Getting started

Connect peers, share data, then add strict ordering only where needed. This page walks through that in four steps, adding one kuilt module at a time without changing your app code.

Step 1: Two peers over WebSocket

Why this step: validate send/receive first, before layering shared state or ordering.

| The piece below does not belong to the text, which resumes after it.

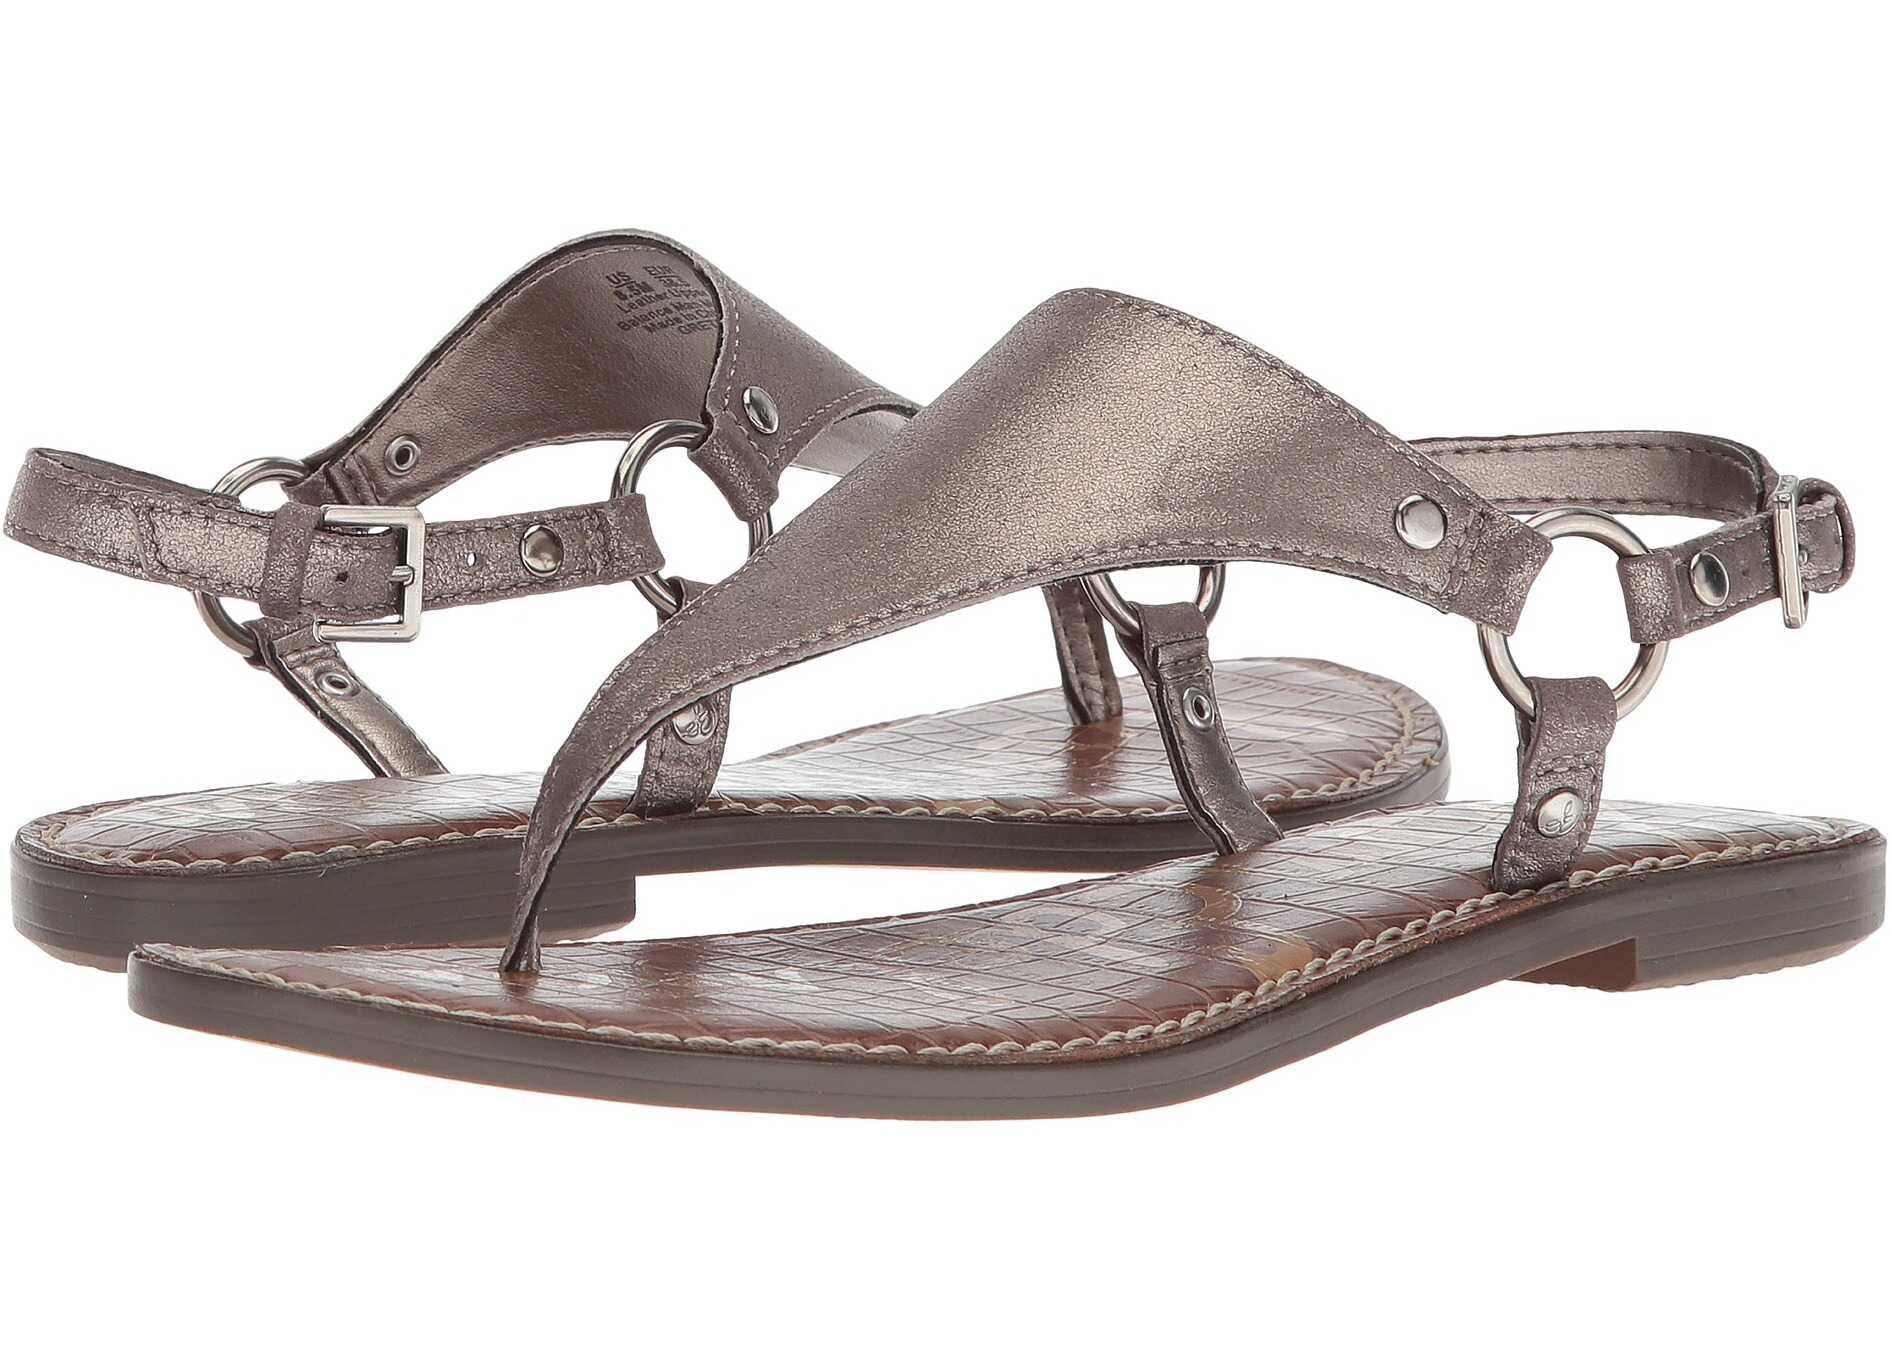 Sam Edelman Greta Pewter Dreamy Metallic Leather
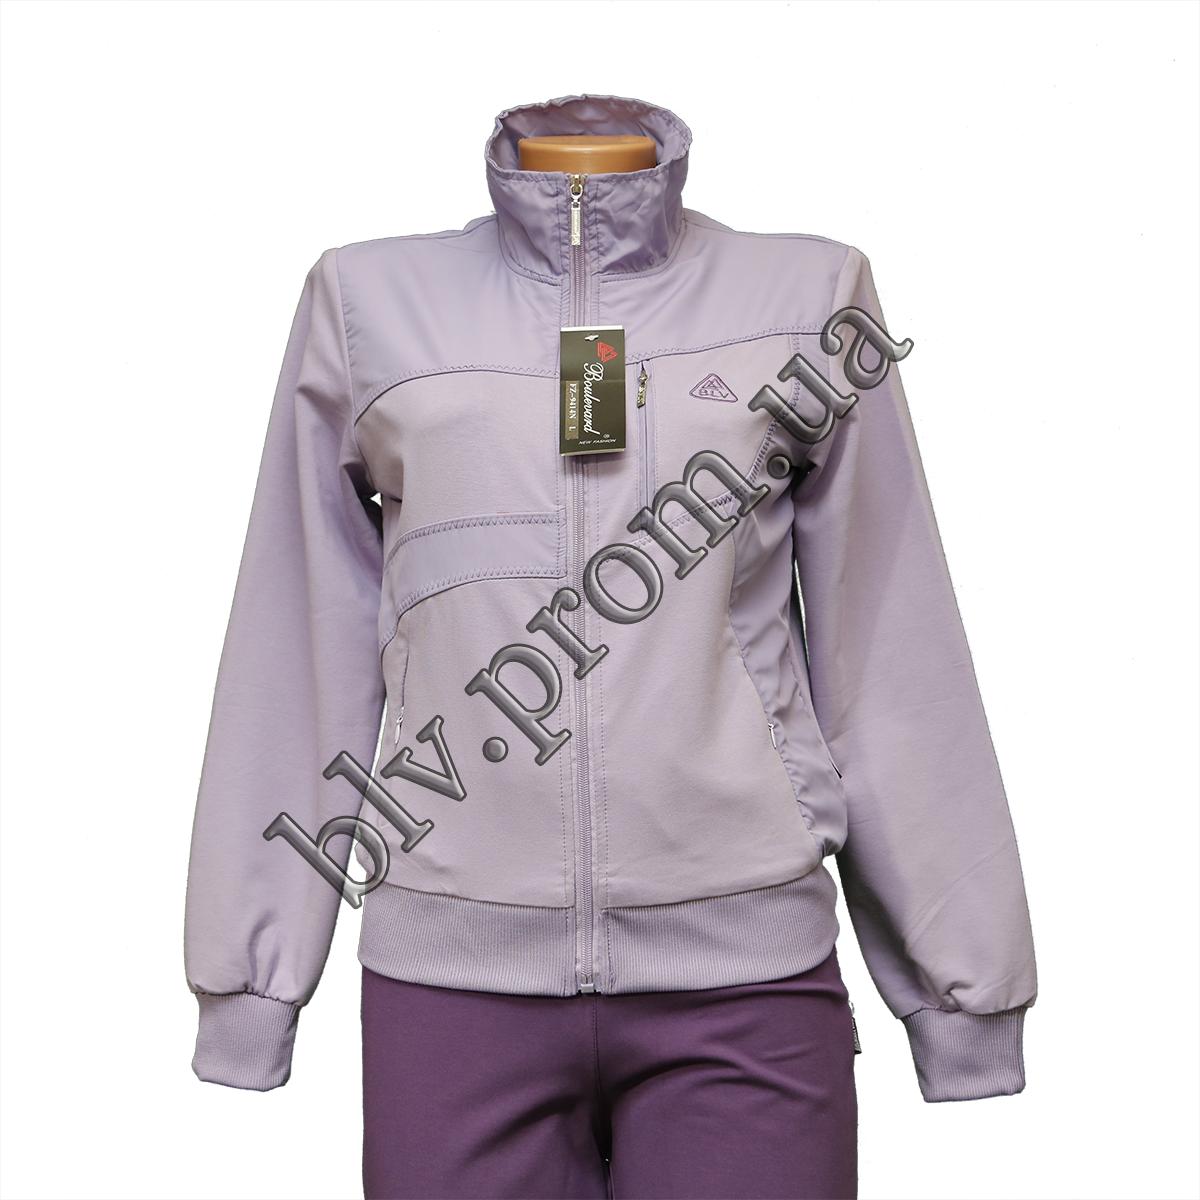 Спортивный костюм женский интернет магазин Венгрия недорого  FZ9414

Start with the smallest useful milestone: two peers exchanging frames over one Seam.

// build.gradle.kts
dependencies {
    implementation(platform("us.tractat.kuilt:kuilt-bom:VERSION"))
    implementation("us.tractat.kuilt:kuilt-websocket")
}

Server (JVM/Android)

embeddedServer(Netty, port = 8080) {
    install(WebSockets)
    val server = KtorServerLoom(application, path = "/live", selfPeerId = PeerId("server"))
    scope.launch {
        while (isActive) {
            val seam: Seam = server.nextLink()   // suspends until a client connects
            scope.launch { handle(seam) }
        }
    }
}.start(wait = true)

Client (any platform)

val seam: Seam = KtorClientLoom(HttpClient { install(WebSockets) }).join(
    WebSocketAdvertisement("ws://localhost:8080/live", PeerId("server"), displayName = "alice")
)

Both peers now use the same Seam API. This is your transport base; the rest of this page layers shared data and ordering on top.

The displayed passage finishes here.